A cet égard, j'ai été heureuse de constater que les différents articles
scientifiques ou médicaux parus pour conseiller, à l'entrée dans la mauvaise
saison, les parents dont l'enfant présente des risques de bronchiolite,
préconisent le recours au médecin généraliste, au médecin de famille - c'est,
en effet, la réaction la plus pragmatique et la plus intelligente - plutôt que
les urgences, qui peuvent présenter, pour l'enfant, d'autres risques
indirects.
Les médecins généralistes doivent donc bénéficier d'une meilleure formation,
d'une meilleure sensibilisation à l'approche de la pathologie courante de
l'enfant.
Dans le cadre de la réforme du troisième cycle des études médicales, il est
ainsi expressément prévu que les médecins généralistes reçoivent une formation
systématique à la pédiatrie dans le cadre de leurs études, ce qui n'est pas le
cas aujourd'hui. Cela va donc améliorer la prise en charge de la santé des
enfants.
Ainsi pourra se créer une véritable filière de prise en charge des enfants
dans laquelle chacun des acteurs verra sa place reconnue.
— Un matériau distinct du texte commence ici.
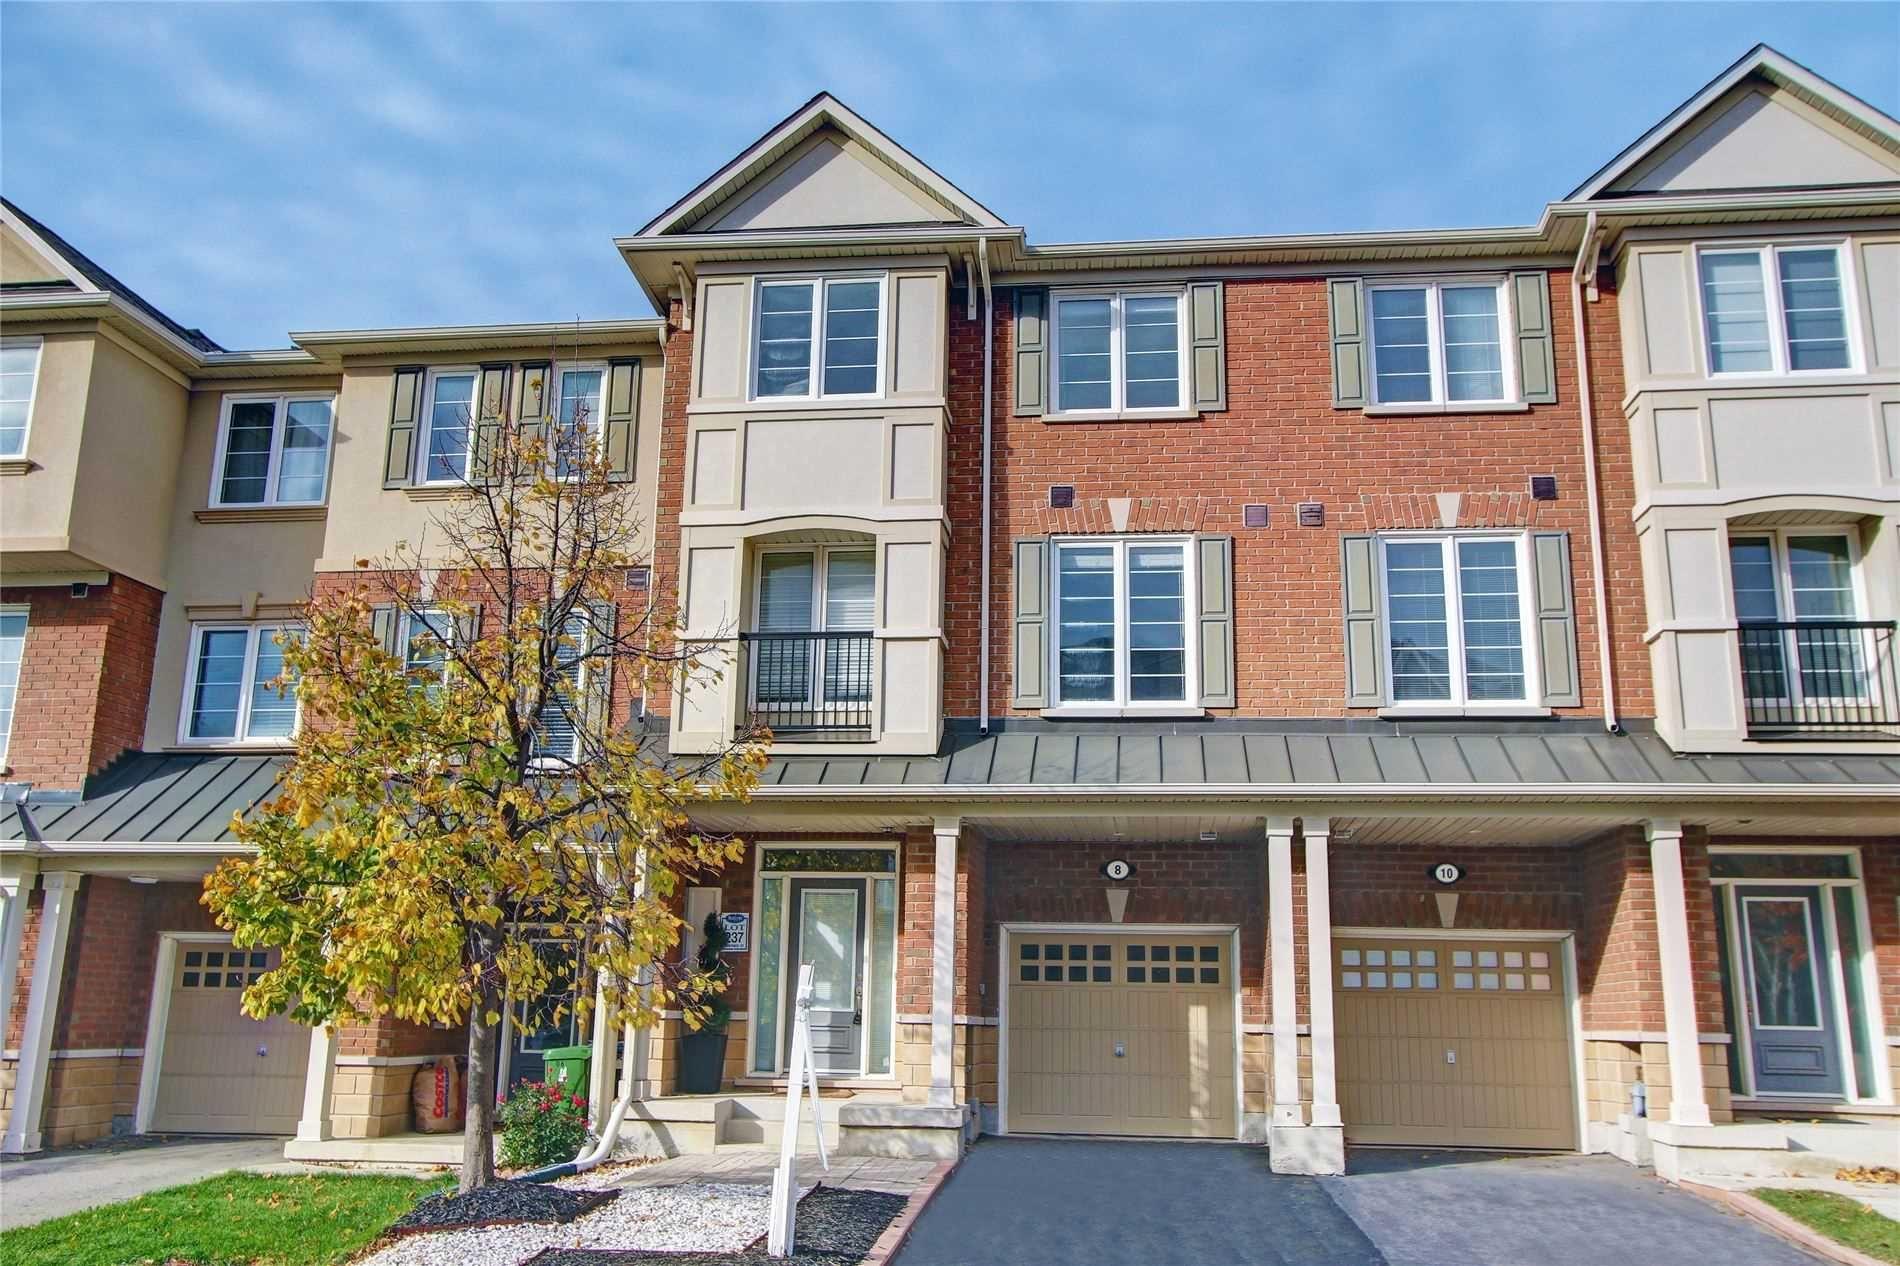 Main Photo: 8 Pethick Street in Toronto: Clairlea-Birchmount House (3-Storey) for sale (Toronto E04)  : MLS®# E4628913

Dans le domaine de la pédiatrie comme dans d'autres, une dynamique de réseau
entre les professionnels doit ainsi être renforcée, les spécialistes en
pédiatrie étant appelés à exercer dans les urgences pédiatriques, dans les
services de spécialité et dans les maternités aux termes du décret périnatal
visant à sécuriser cette discipline. Mais je sais bien que vous ne contestez
pas l'intérêt de cette organisation, monsieur le sénateur.
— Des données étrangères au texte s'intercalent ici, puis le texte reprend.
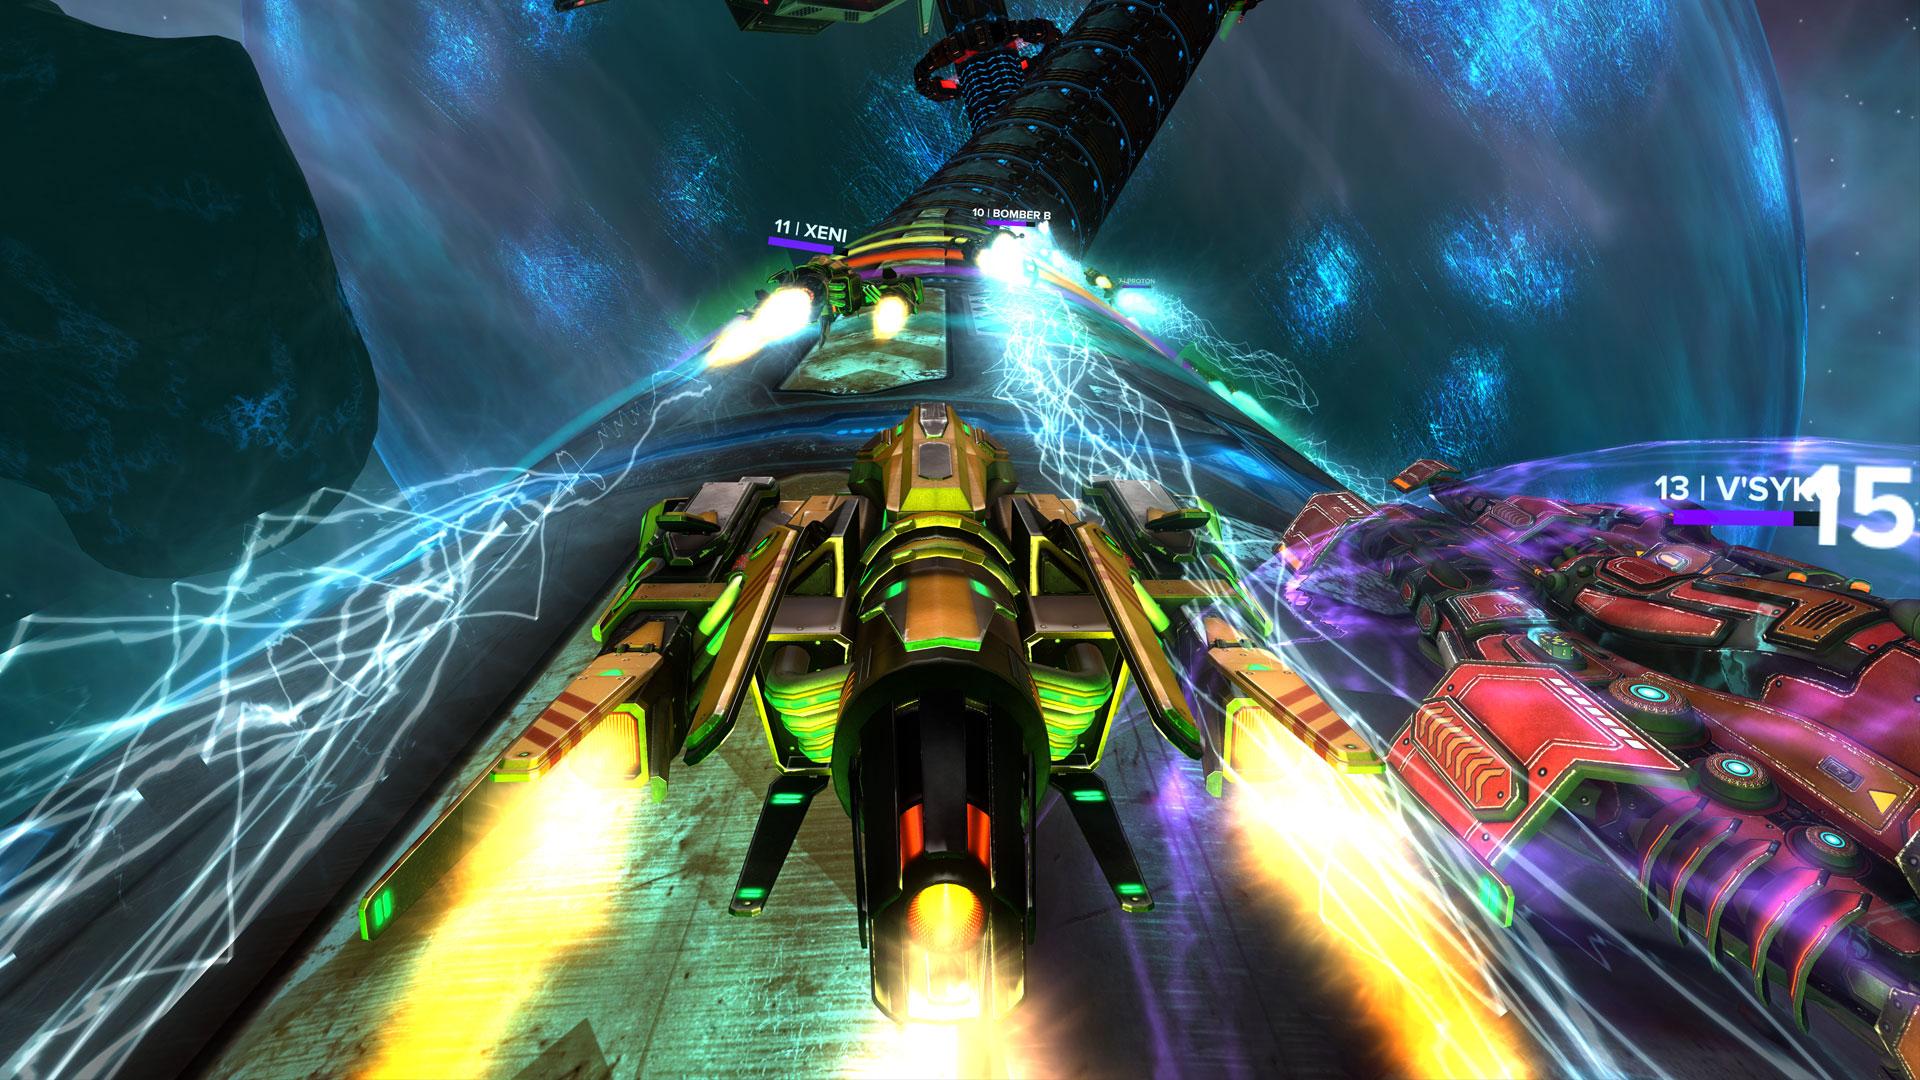 Racing screenshot in space

Nous serons collectivement attentifs au maintien de cette spécialité, à la
bonne formation des praticiens et, surtout, à leur bonne répartition sur
l'ensemble du territoire.
M. Francis Giraud.
Je demande la parole.
M. le président.
La parole est à M. Francis Giraud.
M. Francis Giraud.
Madame le secrétaire d'Etat, je vous remercie de vos réponses mais, vous
l'avez bien compris, il ne s'agit pas uniquement d'un problème de chiffres.
Mme Dominique Gillot,
secrétaire d'Etat.
En effet !
M. Francis Giraud.
Il s'agit, en fait, d'une prise de consience à laquelle vous invitent toutes
les organisations de pédiatres que j'ai cités. Les pédiatres vous ont
sollicitée en poussant un véritable cri d'alarme, et ils ont raison, parce que
cette discipline, en particulier pour la périnatalité et pour certaines
pathologies du nourrisson, exige une spécialisation très poussée.
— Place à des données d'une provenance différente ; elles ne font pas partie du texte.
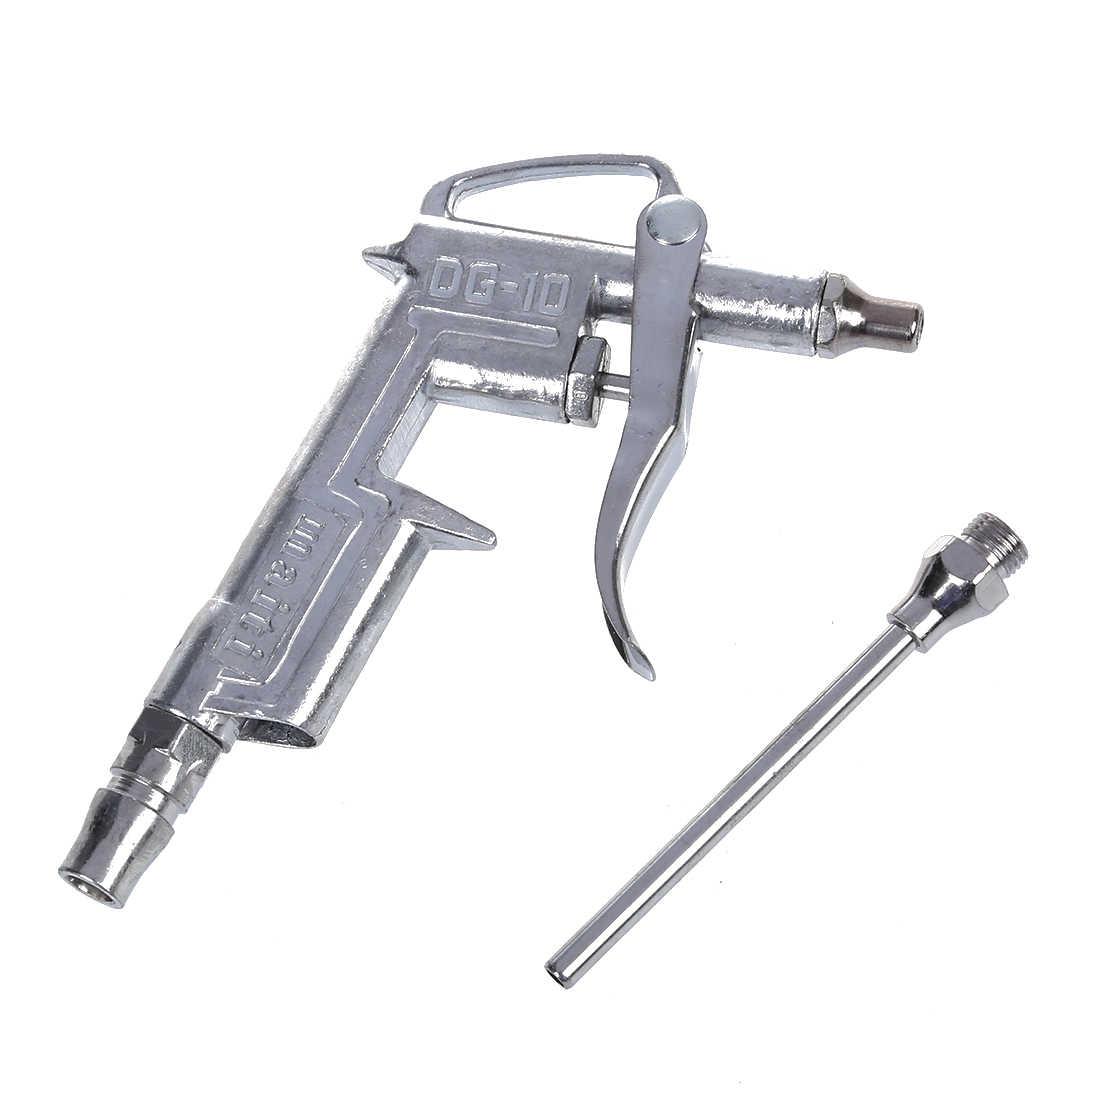 Beste Dust Verwijderen Air Blow Gun Cleaning Tool Silver Tone

Vous le savez très bien, en matière de santé publique, de bons médecins
spécialisés, c'est évidemment d'abord une meilleure santé publique, mais aussi,
à terme, une économie de soins ultérieurs.
Persuadé de la pertinence de l'action des pédiatres, je tenais à m'associer au
cri d'alarme que cette spécialité a lancée dans l'intérêt des enfants de notre
pays.
Mme Dominique Gillot,
secrétaire d'Etat.
Je demande la parole.
M. le président.
La parole est à Mme le secrétaire d'Etat.
Mme Dominique Gillot,
secrétaire d'Etat.
Sachez, monsieur le sénateur, que j'ai entendu ce cri
d'alarme des plus grands spécialistes en pédiatrie. Pour autant, je souhaite
éviter tout amalgame : s'il est nécessaire de renforcer et de maintenir le
niveau d'excellence de la spécialité pédiatrique, il est non moins nécessaire
de disposer, pour un recours de première urgence, à des médecins bien formés et
sensibilisés à la santé des enfants.
Ces deux niveaux ne doivent pas être confondus et il ne faut pas utiliser les
besoins des uns pour conforter les revendications catégorielles des autres.